A tiled display system may have display panels that can be operated in tiled and untiled display modes. In the untiled display mode, the display panels may be physically separated from each other and may display content independently. As an example, each display panel in a system may be placed in a separate location on a wall or other support structure and each display panel may display a separate still image. In this untiled mode of operation, each display panel may, as an example, be used to display a different work of art. When it is desired to form a larger display, the display panels in the system may be coupled together in a tiled fashion to form a single larger display. A still or moving image that spans the entire display may be displayed for viewing. In this tiled display mode, the display panels are used collectively, each forming an active tile in the display. The enlarged size of the display formed from the tiled display panels in the system may be helpful in displaying video content to a group of viewers.

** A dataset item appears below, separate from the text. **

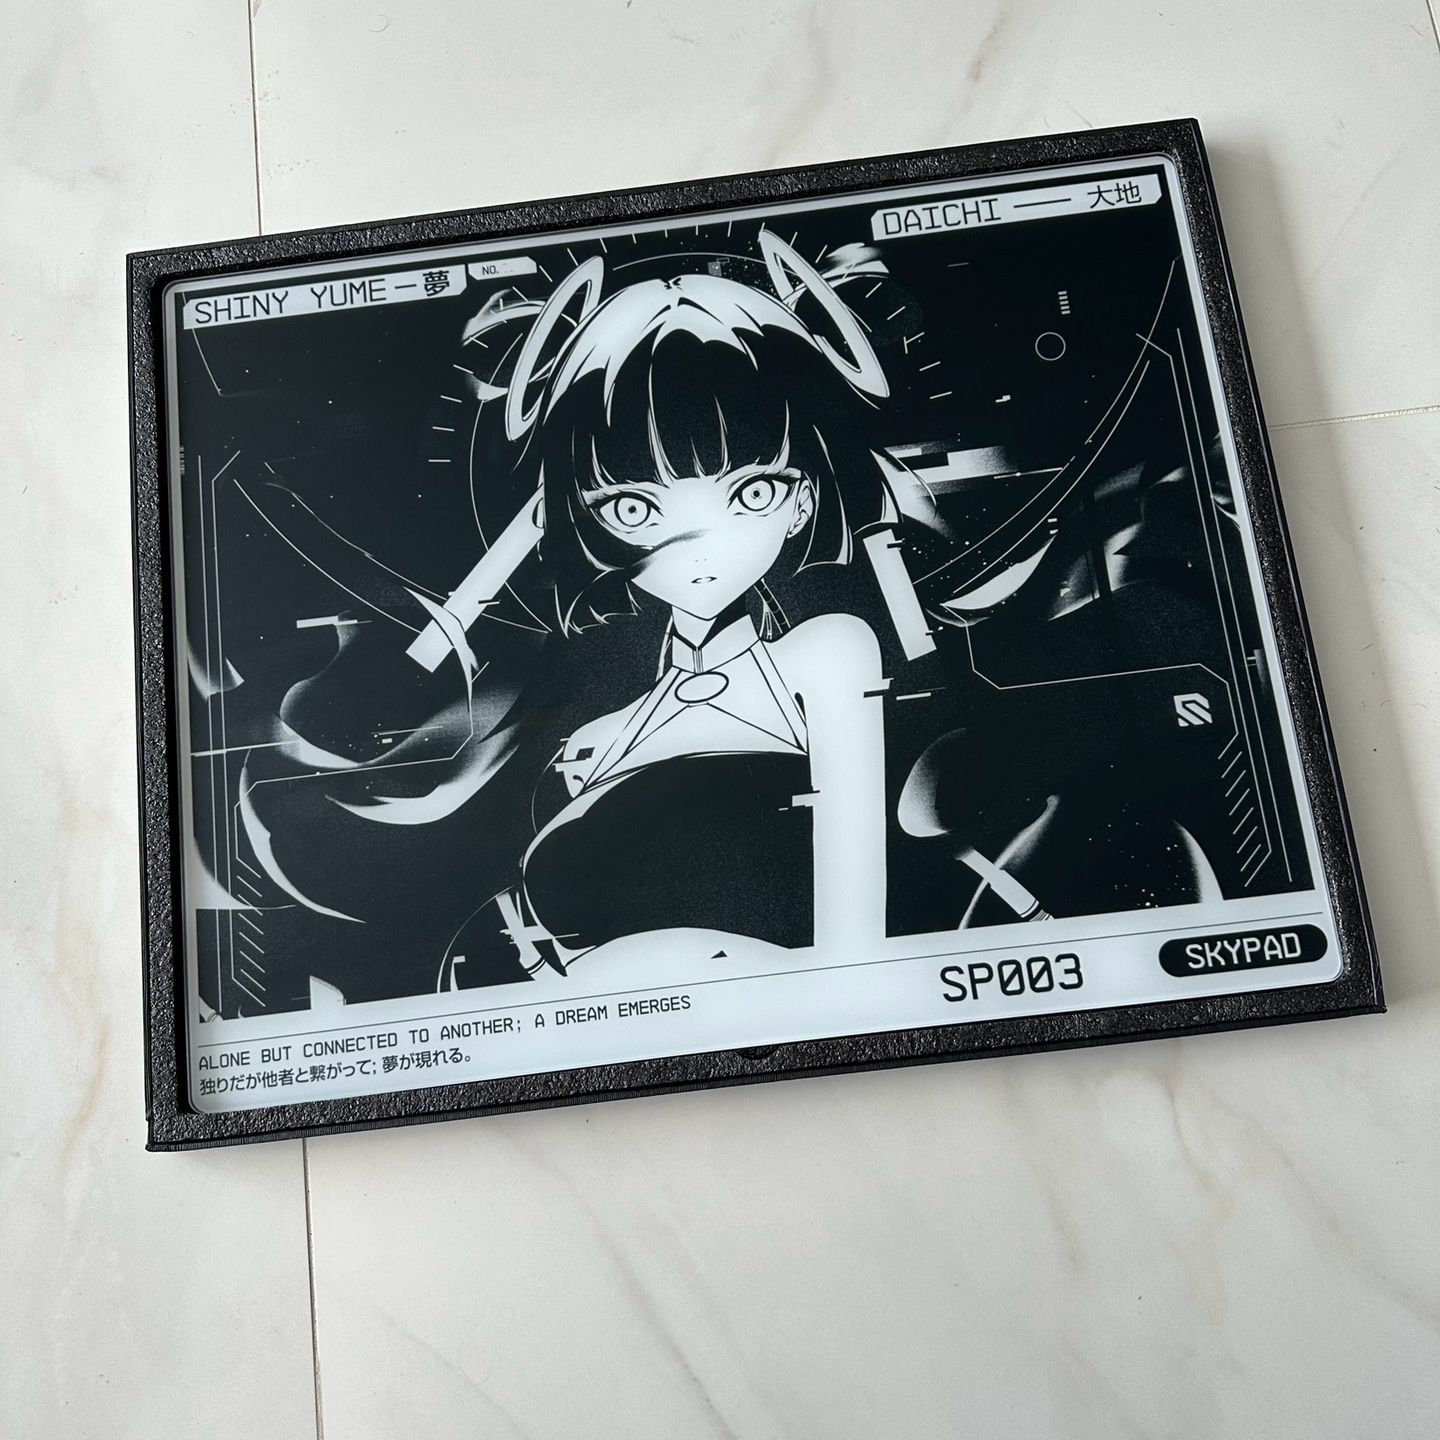 SkyPad Mousepad 3.0 XL Shiny Yume *In Hand* for Sale in Secaucus, NJ -  OfferUp

Display panels may be positioned manually and/or may be positioned using positioners. Electrically adjusted positioners in a tiled display system may, as an example, be controlled using remote-control commands, voice commands, and/or other user input.

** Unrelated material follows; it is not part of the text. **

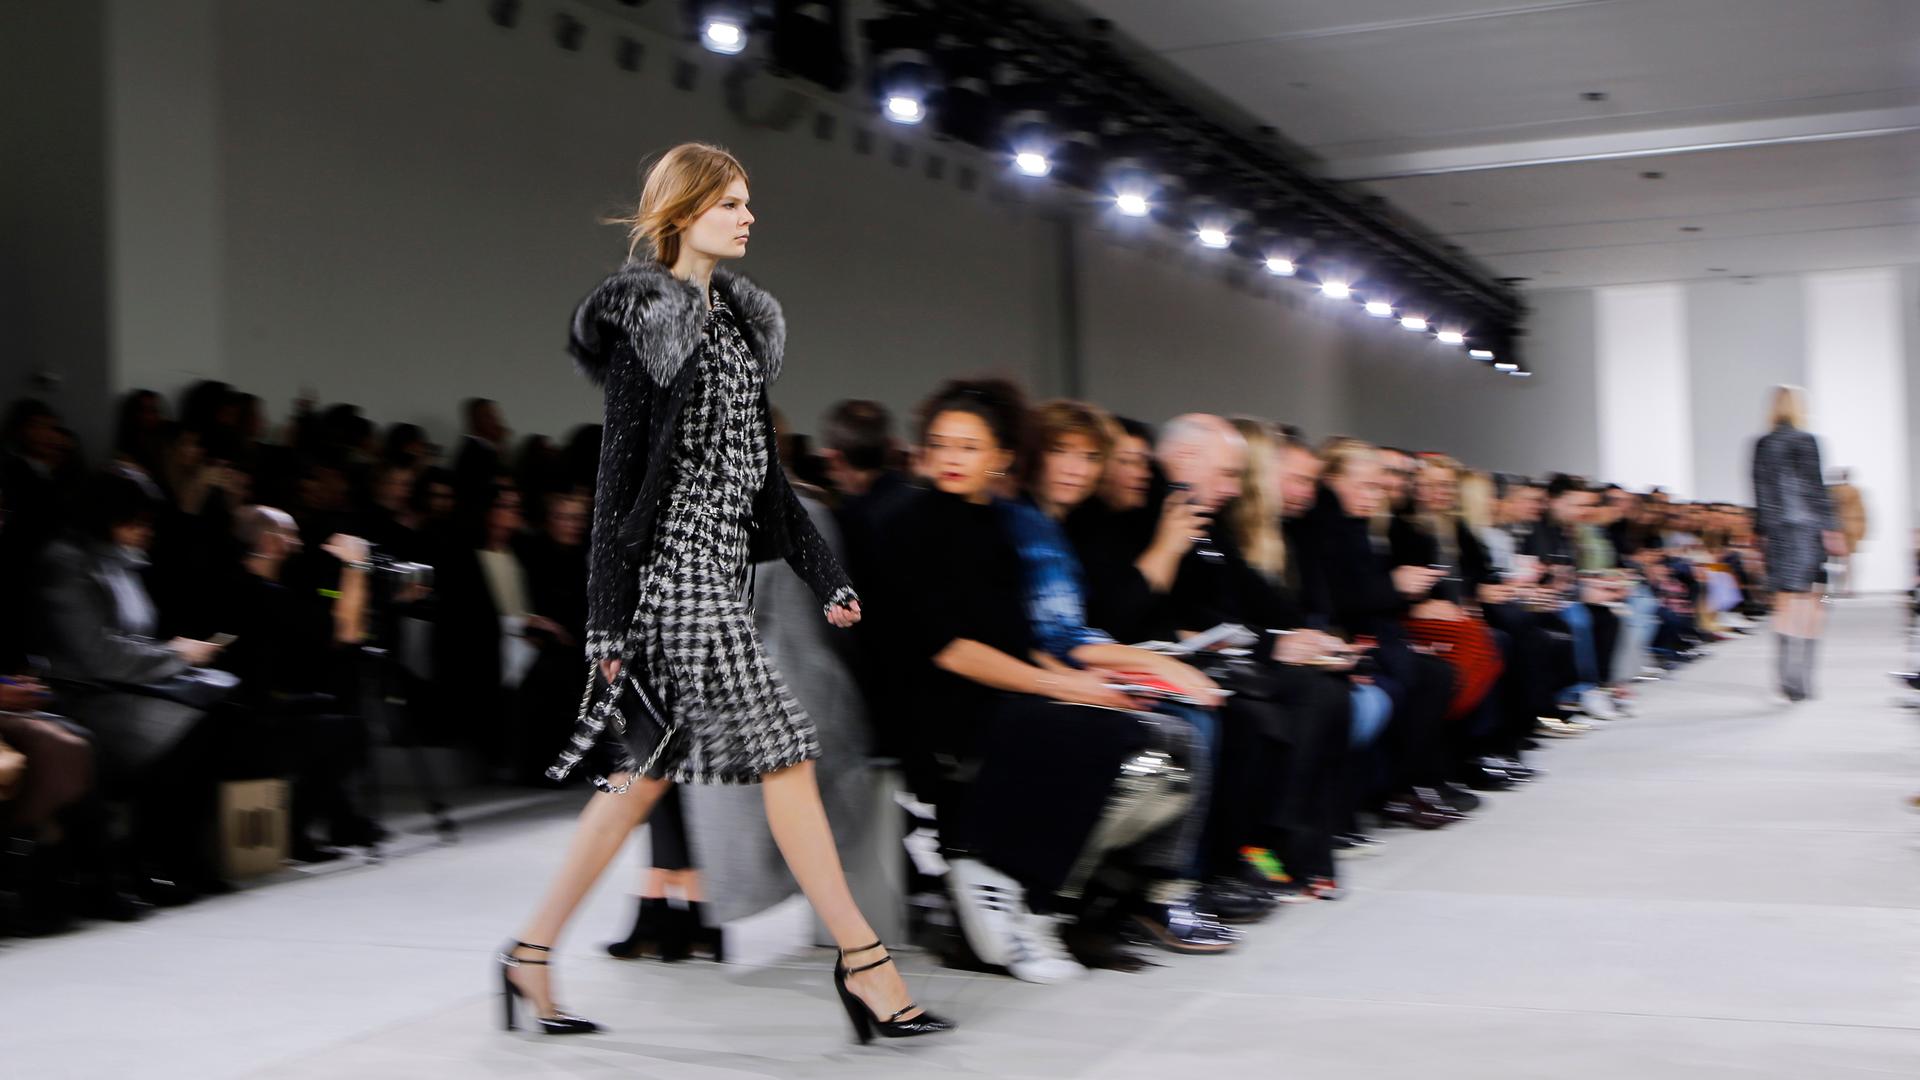 A woman walks on a catwalk around people sitting in chairs

When display panels are combined to form an enlarged display area, magnets and/or other attachment structures may be used to help align and couple display panels to each other. Sensors may be used in making measurements that are used when aligning panels. Circuitry in the display panel system may be used to help coupled display panels in a tiled display system share power and/or data signals. For example, serial and/or parallel communications circuits may be used to distribute display signals to display panels in series and/or in parallel. Serial and/or parallel communications circuitry may also be used in conveying touch sensor signals and/or other sensor signals among panels in the system.
The display panels in the tiled display system may be formed from arrays of light-emitting diode pixels, liquid crystal pixels, or other pixels. For example, a system may have organic light-emitting diode displays or displays formed from arrays of micro-light-emitting diodes (e.g., diodes formed from crystalline semiconductor dies).
A schematic diagram of an illustrative tiled display system is shown in
System 10 may include control circuitry 20. Control circuitry 20 may include storage and processing circuitry for supporting the operation of system 10. The storage and processing circuitry may include storage such as nonvolatile memory (e.g., flash memory or other electrically-programmable-read-only memory configured to form a solid state drive), volatile memory (e.g., static or dynamic random-access-memory), etc. Processing circuitry in control circuitry 20 may be used to gather input from sensors and other input devices and may be used to control output devices. The processing circuitry may be based on one or more microprocessors, microcontrollers, digital signal processors, baseband processors and other wireless communications circuits, power management units, audio chips, application specific integrated circuits, display driver circuitry, etc. Control circuitry 20 may include circuitry that is shared among multiple panels 14P and/or may include circuits that are primarily or exclusively used in individual panels 14P (e.g., panel-specific circuits such as display driver circuits in each panel or touch sensor control circuits in each panel). During operation, control circuitry 20 may use display 14 (e.g., multiple tiled panels 14P) and/or individual panels 14P to provide a user with visual output. Control circuitry 20 may also use other output devices to provide a user with other types of output (e.g., audio output, haptic output, etc.). Control circuitry 20 may process sensor signals and other input (e.g., touch sensor input gathered from touch sensors in panels 14P, light sensor input and other sensor input from panels 14P, etc.).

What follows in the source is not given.